Everything else upgrading to 13.0-RELEASE went swimmingly.


----------



## diego (Apr 14, 2021)

I got the same error on FreeBSD 12.2........you are not alone ogogon


----------



## metsuke (Apr 14, 2021)

vaskark said:


> I've received a different error:
> 
> `make: "/usr/share/mk/bsd.port.mk" line 32: Cannot open /usr/ports/Mk/bsd.port.mk`
> 
> Everything else upgrading to 13.0-RELEASE went swimmingly.


That's related to this thread: https://forums.freebsd.org/threads/...the-directory-usr-ports-mk.79812/#post-505966


----------



## ogogon (Apr 14, 2021)

And how can you successfully update the ports tree now?


----------



## richardtoohey2 (Apr 14, 2021)

Wait until portsnap is updated or try gitup - but not sure that will work on an unsupported version of FreeBSD like 10.4 (EOL 2 1/2 years ago).

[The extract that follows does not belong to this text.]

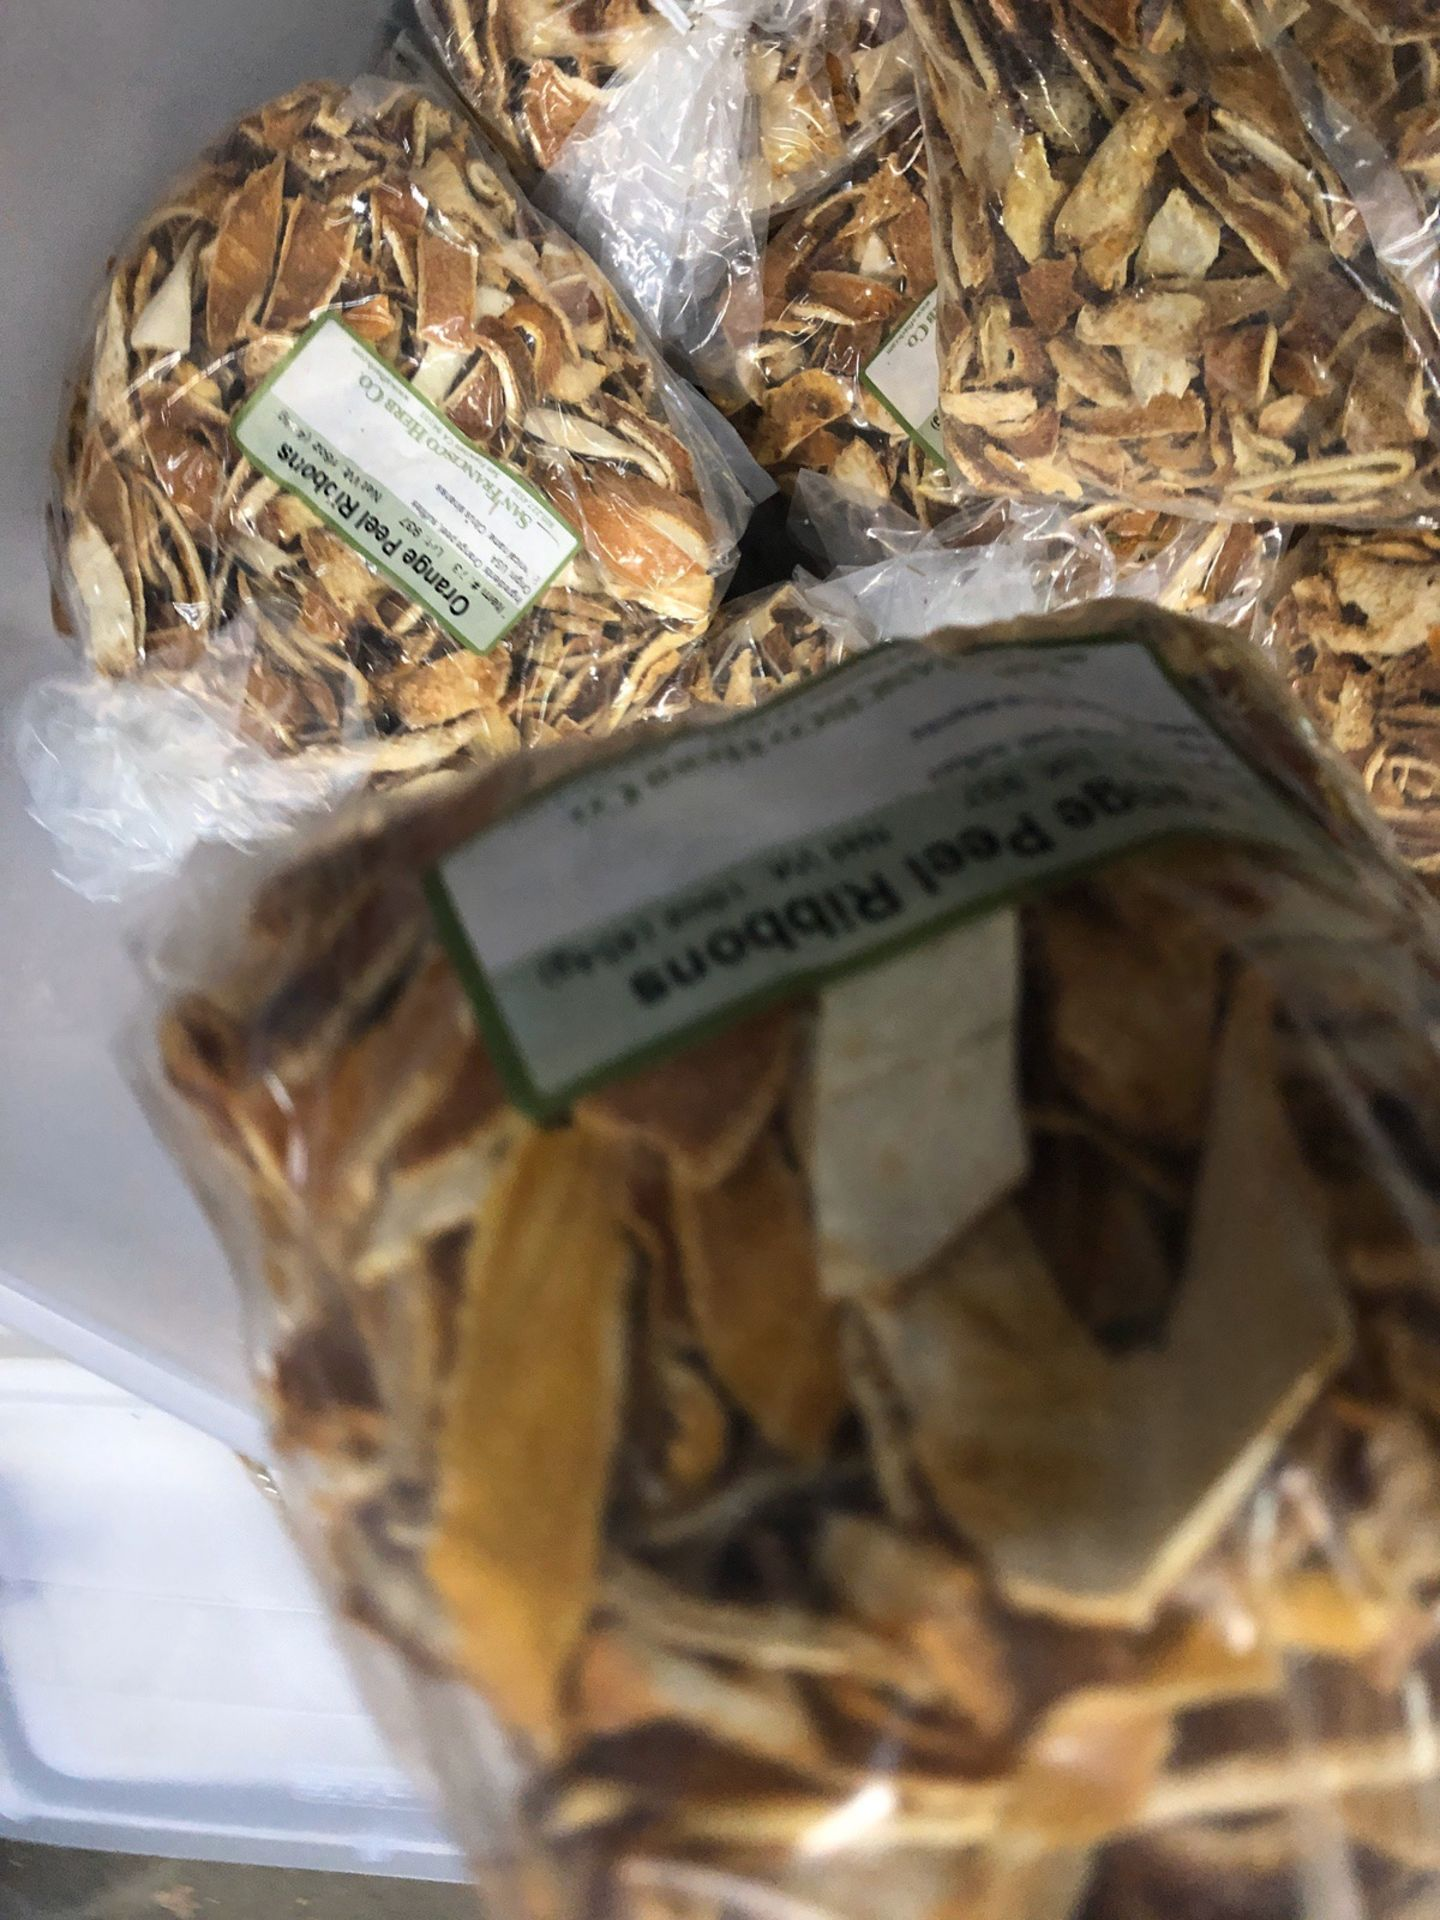 Lot 105 - Lot of Herbs and Botanicals: Lemon Peel, Orange Peel | Rig Fee: $20 or HC

If you look in the recent posts about the move to git and what's happening in ports there are various suggestions that might work.


----------



## richardtoohey2 (Apr 14, 2021)

e.g. https://forums.freebsd.org/threads/ports-transitioned-to-git.79598/page-8#post-505892


----------



## drhowarddrfine (Apr 14, 2021)

You can follow Warner Losh's article on his web page about using git to do all this instead of portsnap. It worked well when I tried it and, now that everything there is in its place, I'll be switching to it tomorrow sometime.

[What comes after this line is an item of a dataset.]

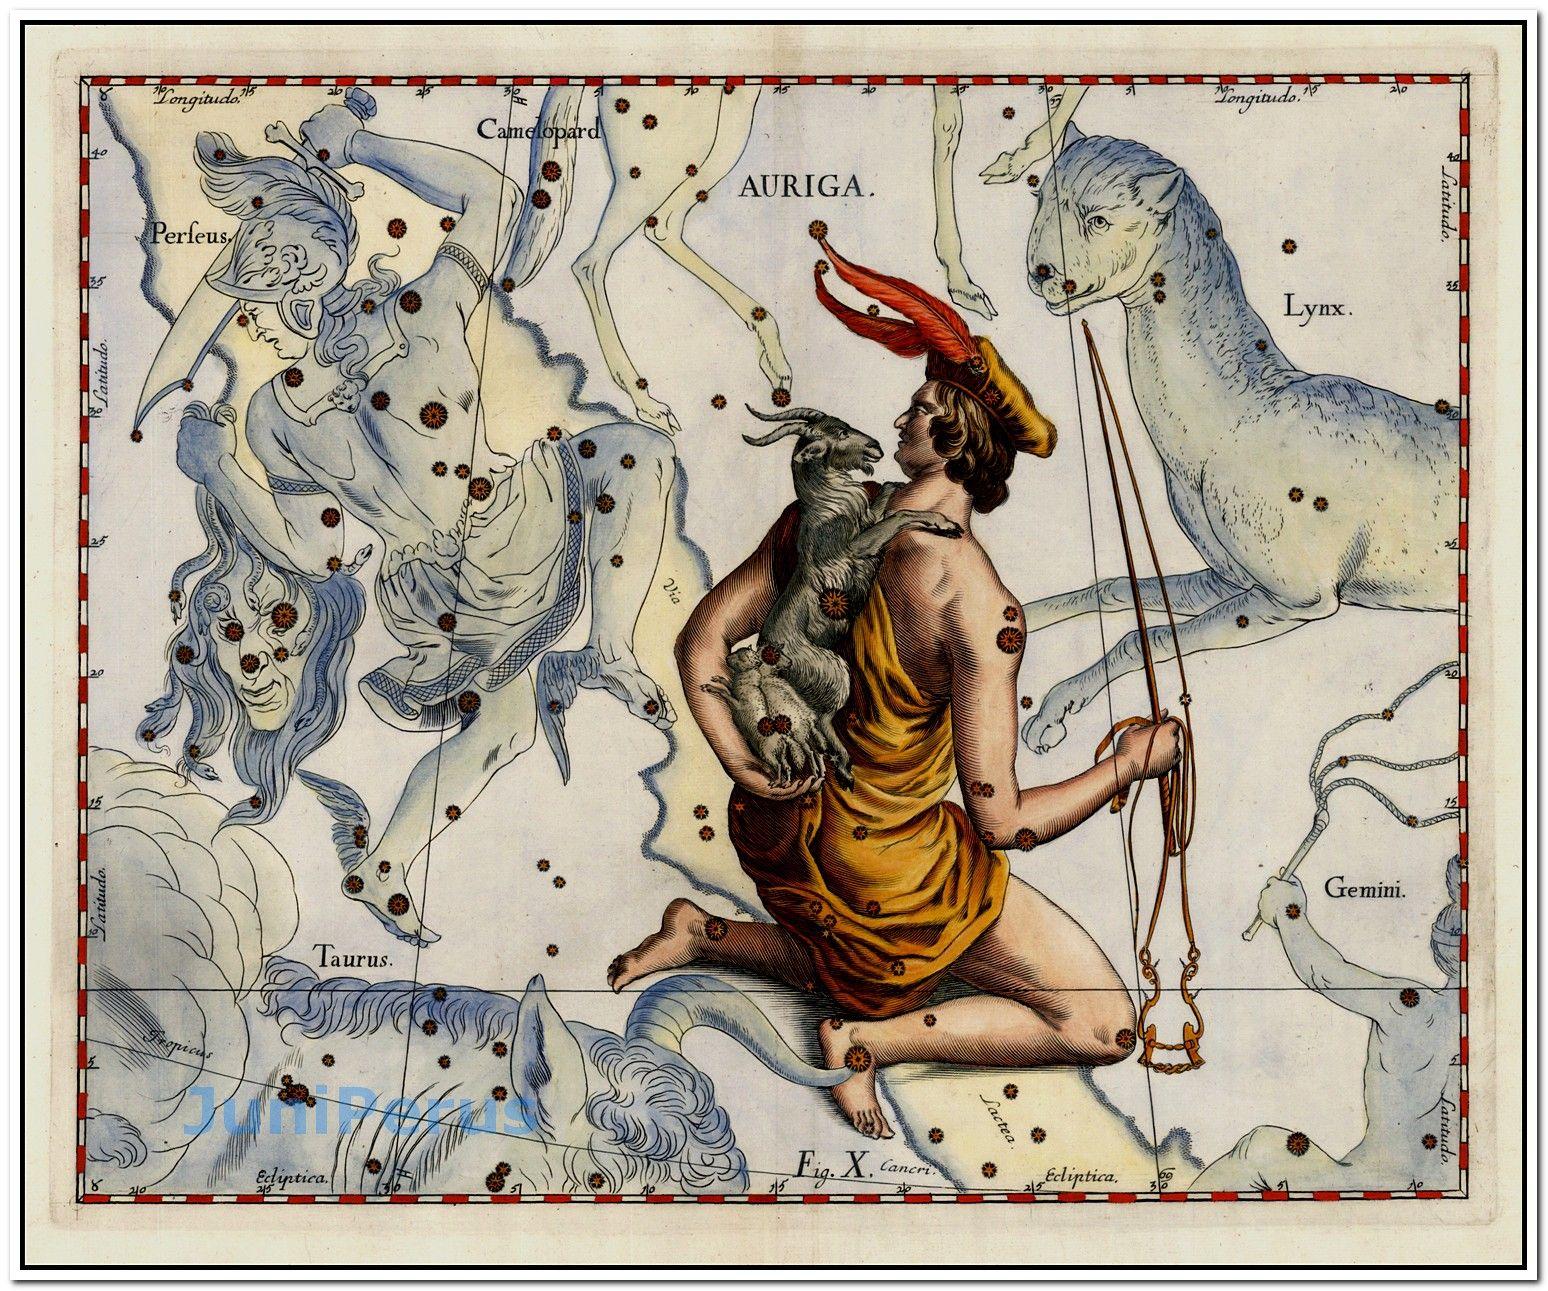 Auriga Stars Heightened In Gold Map Maker Johannes Hevelius Place - Star map maker

EDIT: Well, my links are all dead so I can't find the easy peasy method he outlined. I assume it's elsewhere, possibly the Handbook, but I need to find it, too.


----------



## ogogon (Apr 14, 2021)

richardtoohey2 said:


> Wait until portsnap is updated or try gitup - but not sure that will work on an unsupported version of FreeBSD like 10.4 (EOL 2 1/2 years ago).
> 
> If you look in the recent posts about the move to git and what's happening in ports there are various suggestions that might work.


I'm sorry, of course I meant 11.4.


----------



## SirDice (Apr 14, 2021)

The portsnap infrastucture is currently somewhat dodgy because it's in the process of being migrated. As all versions of FreeBSD use the exact same ports tree, all versions of FreeBSD will have problems with portsnap(8) at the moment. 









						unable to download ports using portsnap fetch by remote server
					

I'm trying to download ports(from remote server) using portsnap fetch but im getting error like "portsnap fetch should not be run non-interactively. Run portsnap cron instead". but i tried portsnap cron im able to download the compressed content inside /var/db/portsnap but seems its not the...




					forums.freebsd.org
				




Either have some patience or give net/gitup or devel/git a try and fetch the ports tree via git.


----------